Surface-based measures, including cortical thickness, WM volume, and GM volume, were highly consistent for all sequences in test-retest analyses. Because the automated procedures used to produce these measures relied on WM and GM contrast to identify brain surfaces, and because T1-weighted sequences were particularly suited to providing this contrast (Deichmann et al., 2000; Mugler and Brooke-man, 1991), we expected that surface-based measures would perform well.
In contrast, the reliability of voxel-based segmentation measures varied greatly by structure. Volumetric measures of the caudate were often more reliable than surface-based measures, while the reliability of pallidum measures fell well below all other measures in a subset of sequences. It is likely that the precision of subcortical volumes was affected both by intrinsic tissue contrast properties as well as the contrast between surrounding tissue types. For example, both the caudate and thalamus, two of the most reliable subcortical measures examined, typically exhibit tissue contrast profiles reasonably distinct from that of WM (Fischl et al., 2002). In addition, both structures abut the lateral ventricle and thus benefit from the contrast provided by adjacent cerebrospinal fluid, which appears hypointense in T1-weighted images. In comparison, the T1 contrast profile of the pallidum is less distinct from that of neighboring WM, making differentiation of these tissues more challenging. This fact does not explain, however, why the reliability of pallidum measures is higher for anisotropic and multiecho sequences compared to the accelerated and non-accelerated isotropic single-echo MP-RAGE sequences.
Measurement bias was observed across voxel geometry. The anisotropic MP-RAGE sequence consistently underestimated measures of cortical thickness, GM volume, amygdalar volume, and hippocampal volume relative to all isotropic sequences. Because this bias was present in both surface-based and voxel-based measures, and because the hippocampus and amygdala share a similar T1 contrast profile to that of GM, it is unlikely that such bias is attributable to specific surface-based or voxel-based procedures. Due to the design of our study and the particular sequences employed, however, it is unclear what proportion of the observed error is due to voxel volume as opposed to voxel geometry, and further investigation is required to separate the effects of these two variables on measurement bias.

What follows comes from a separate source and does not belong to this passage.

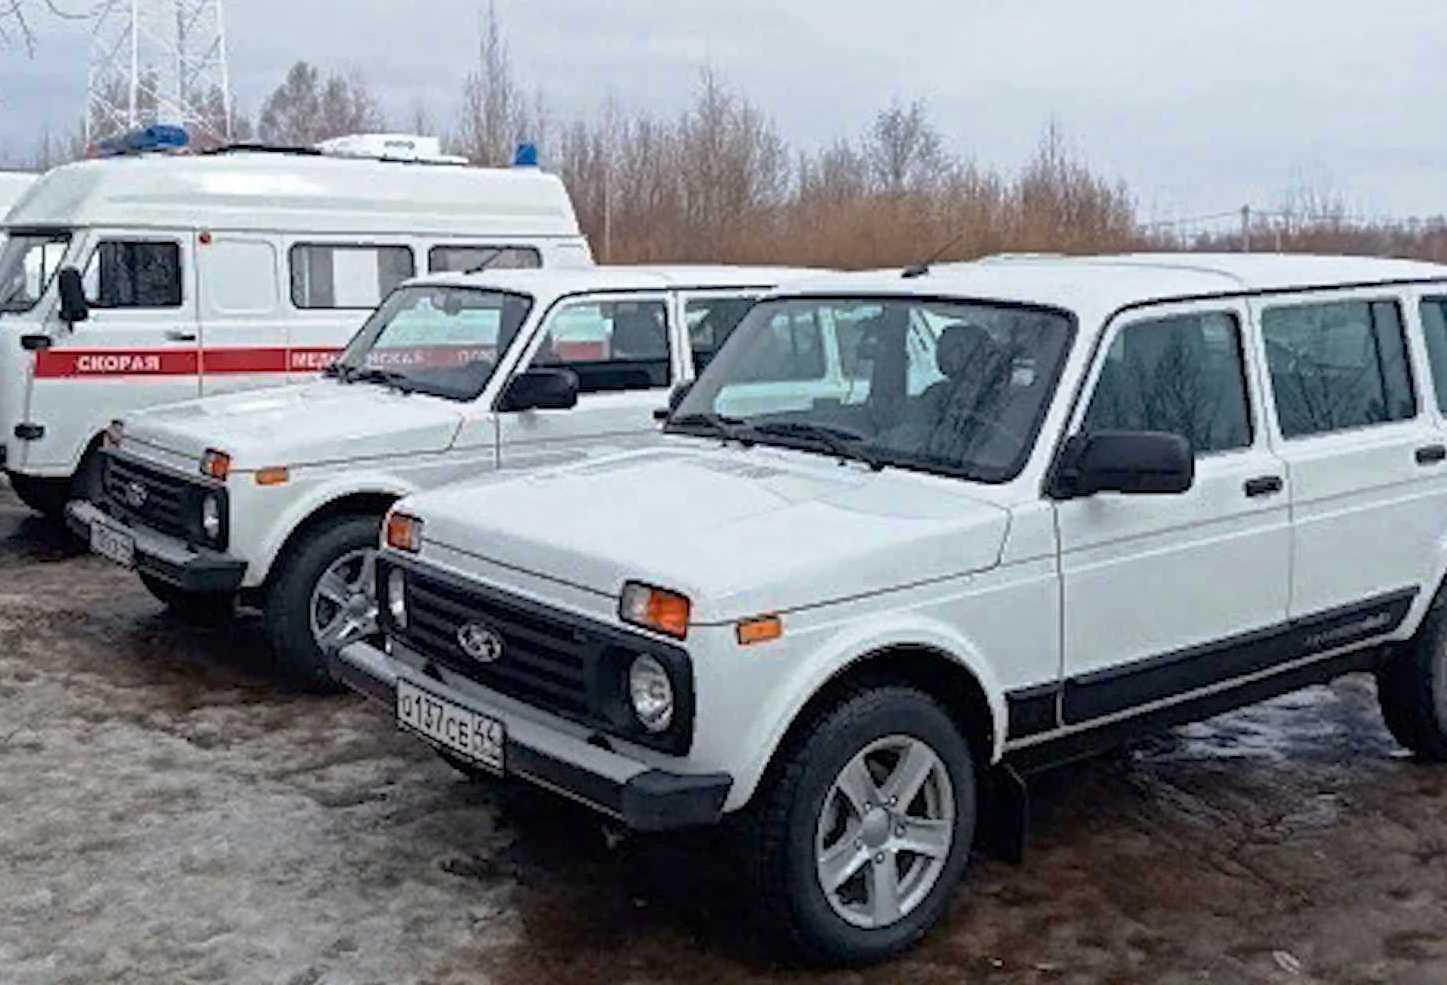 менее часа назад                                                                                                                                                                                                                                                                                               Больница в Костромской области получила две новых «Нивы»                                                                Транспорт прибыл накануне в Сусанинскую районную больницу.

This study focused on the precision, not the accuracy, of MRI-derived neurostructural measures. While the accuracy of automated neuroanatomical measures has been addressed (Fischl and Dale, 2000; Fischl et al., 2004a), we know of no studies that explore the accuracy of automated cortical thickness measures as a function of imaging parameters. Previous reliability studies sought to understand reproducibility through artificial manipulation of cortical thickness in MRI images (Lerch and Evans, 2005), or through the use of a known phantom volume (Mori et al., 2002), but in vivo examinations of human brain structure such as ours have no absolute standard with which to establish the accuracy of measures across imaging sequences. It is therefore impossible to determine which of the sequences we examined produced the most accurate morphometric measures.
Between isotropic sequences, the multiecho MP-RAGE tended to overestimate frontal cortical thickness, hippocampal volume, and amygdalar volume and underestimate occipital cortical thickness relative to both single-echo isotropic sequences; these differences usually reached significance when compared with the non-accelerated isotropic sequence. Between isotropic single-echo sequences there was a slight tendency for imaging acceleration to produce lower cortical thickness measures in every region but the frontal cortex, although this bias was significant only in temporal cortex. All differences within and between isotropic sequences were extremely small due to the test-retest nature of the study, however, and suffer from reduced (l-β<0.9) statistical power. We therefore cannot conclude that bias does not exist in these non-significant findings, but only that instances of undetected bias are below the threshold of minimum detection (Table 4).
The use of parallel acceleration had a negligible effect on reliability of morphometric measures. In light of the conservative acceleration factor used, this result is in agreement with another study of cortical thickness reliability and acceleration employing sensitivity encoding (SENSE)-based (Pruessmann et al., 1999) techniques (Park et al., 2008); the present study extends these results to cortical and subcortical volumetric measures for GRAPPA-based acceleration. Scanning time is often a constraint in structural neuroimaging studies, either in practical terms for research subjects or financially for investigators. The present results provide compelling evidence that parallel imaging techniques, when implemented at conservative levels, are able to dramatically reduce scanning time with no considerable loss of precision.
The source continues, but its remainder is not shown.